O presente recurso deve ser analisado sob duas perspectivas temporais distintas.
Quanto ao período anterior a 17/06/2024, o recurso é inadmissível, pois o pedido do recorrente de aplicação retroativa de índice diverso da TR contraria frontalmente a modulação de efeitos estabelecida pelo STF, que vedou expressamente "a recomposição financeira de supostas perdas passadas". Esta decisão possui eficácia contra todos e efeito vinculante, nos termos do art. 102, §2º da Constituição Federal.
Já em relação ao período posterior a 17/06/2024, verifica-se a ausência superveniente de interesse recursal, uma vez que o próprio STF já determinou que a remuneração das contas vinculadas ao FGTS deve garantir, no mínimo, o índice oficial de inflação (IPCA), atendendo ao núcleo essencial da pretensão do recorrente. Ademais, a Suprema Corte explicitamente designou o Conselho Curador do FGTS como órgão competente para determinar a forma de compensação nos anos em que a remuneração não alcançar o IPCA, estabelecendo assim o procedimento institucional a ser seguido. Como integrante da administração pública indireta, a Caixa Econômica Federal está vinculada ao cumprimento desta decisão, não havendo demonstração de eventual descumprimento que justifique a intervenção judicial neste momento.
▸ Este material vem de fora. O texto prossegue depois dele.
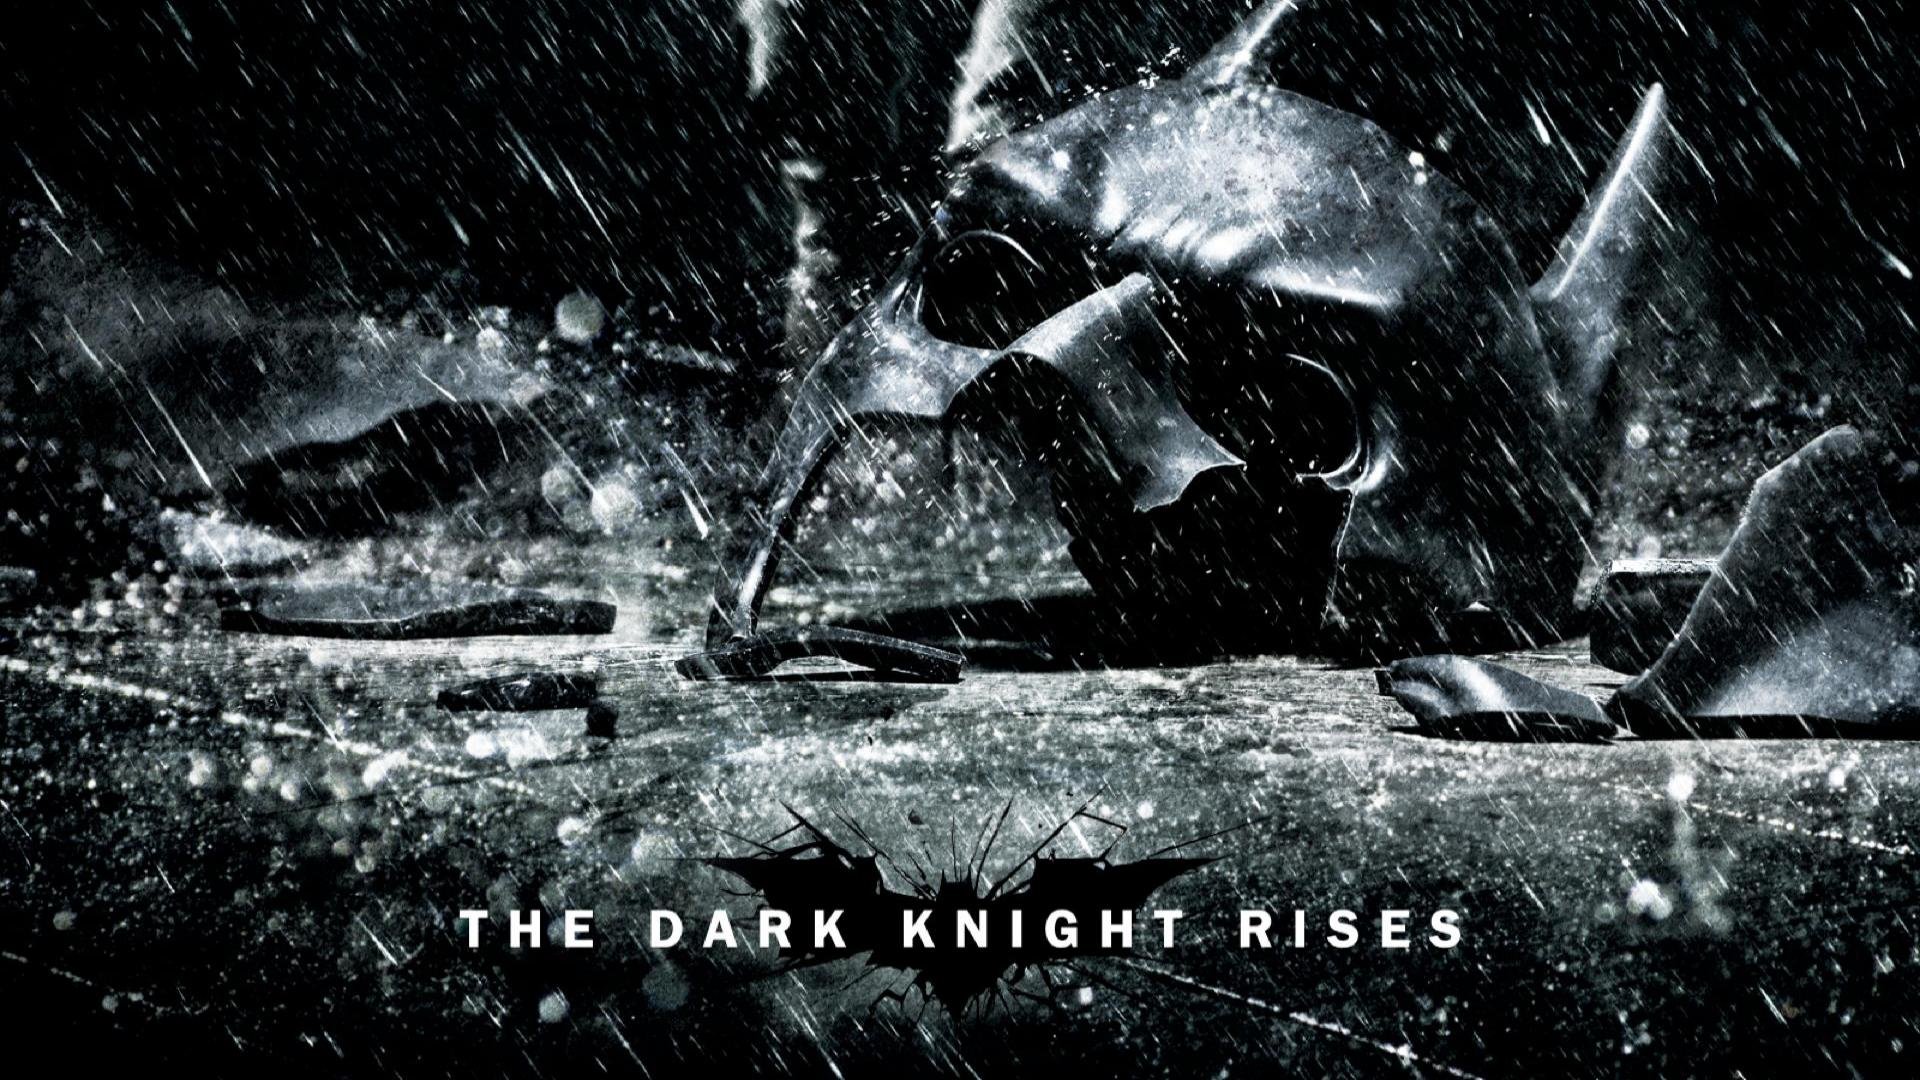 High resolution The Dark Knight Rises full hd 1920x1080 background ID:161403 for desktop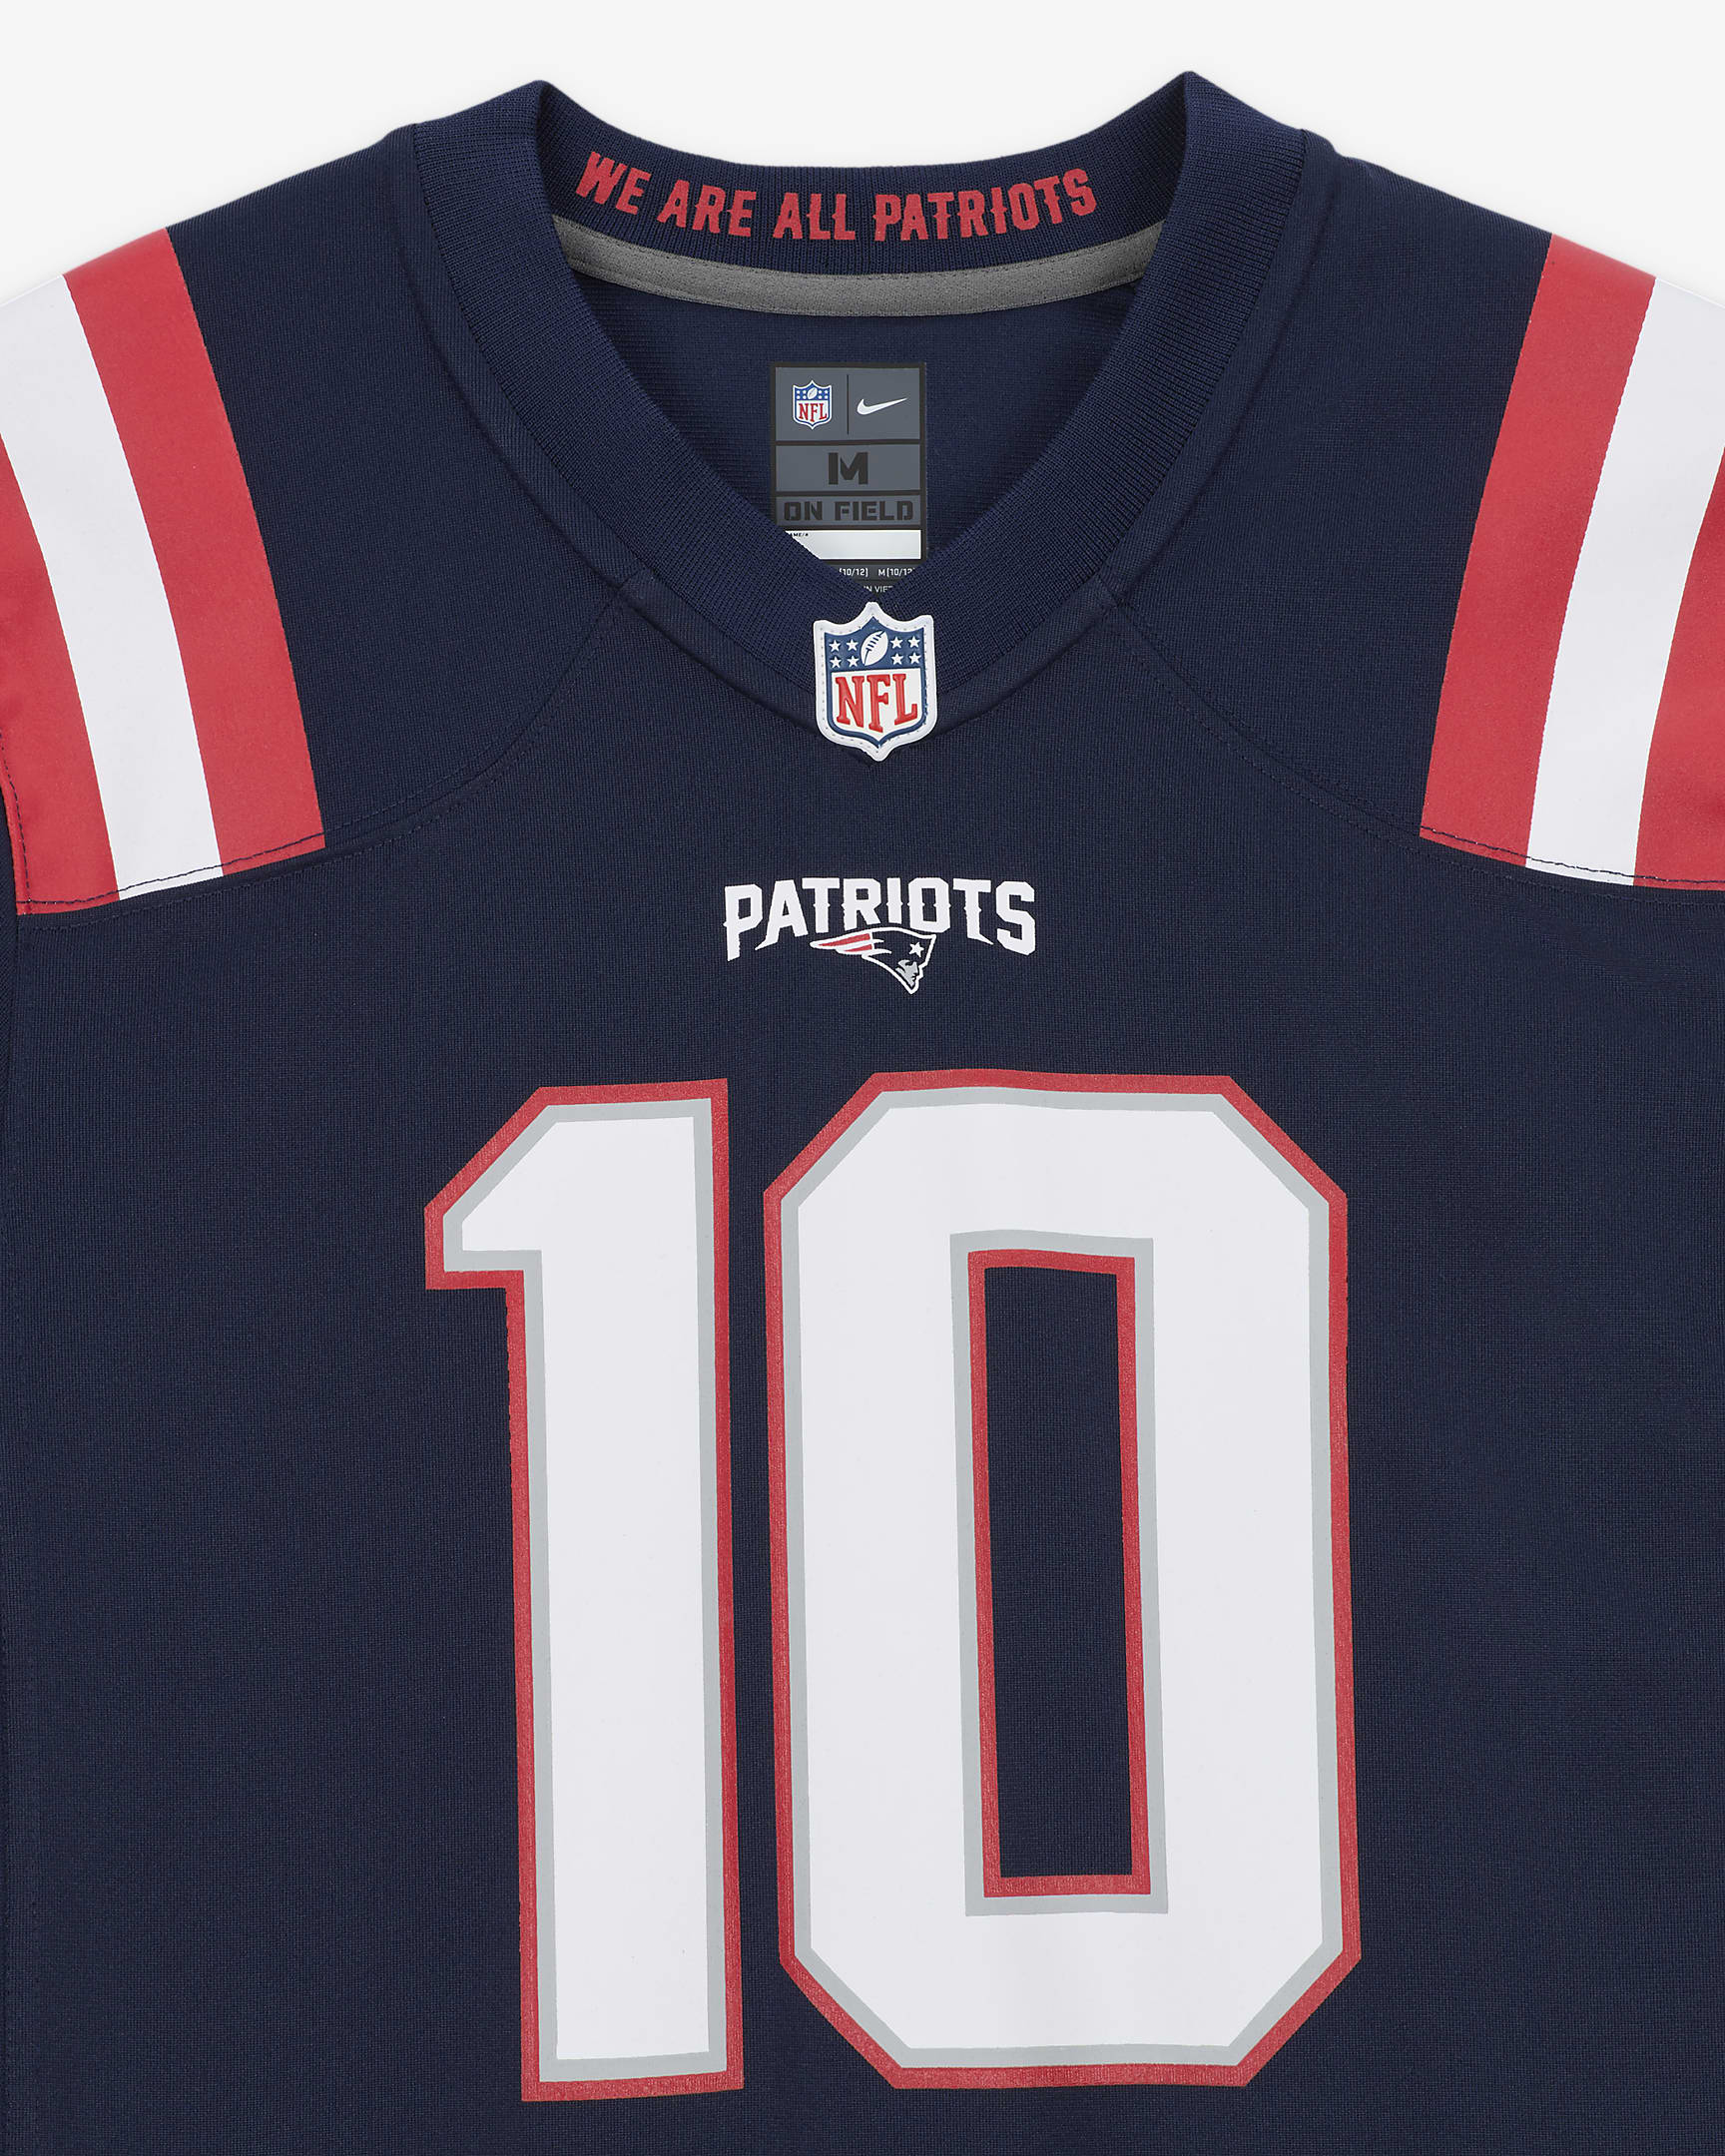 NFL New England Patriots (Mac Jones) American-Football-Spieltrikot für ältere Kinder - College Navy

Ressalta-se que, na hipótese de eventual descumprimento futuro da determinação do STF, o ordenamento jurídico prevê meios processuais adequados, inclusive a reclamação constitucional (art. 988, III, do CPC).
Neste sentido, resta prejudicado o pedido de efeito suspensivo do presente recurso.
Ante o exposto, inadmito o recurso especial, nos termos do art. 1.030, V, do CPC.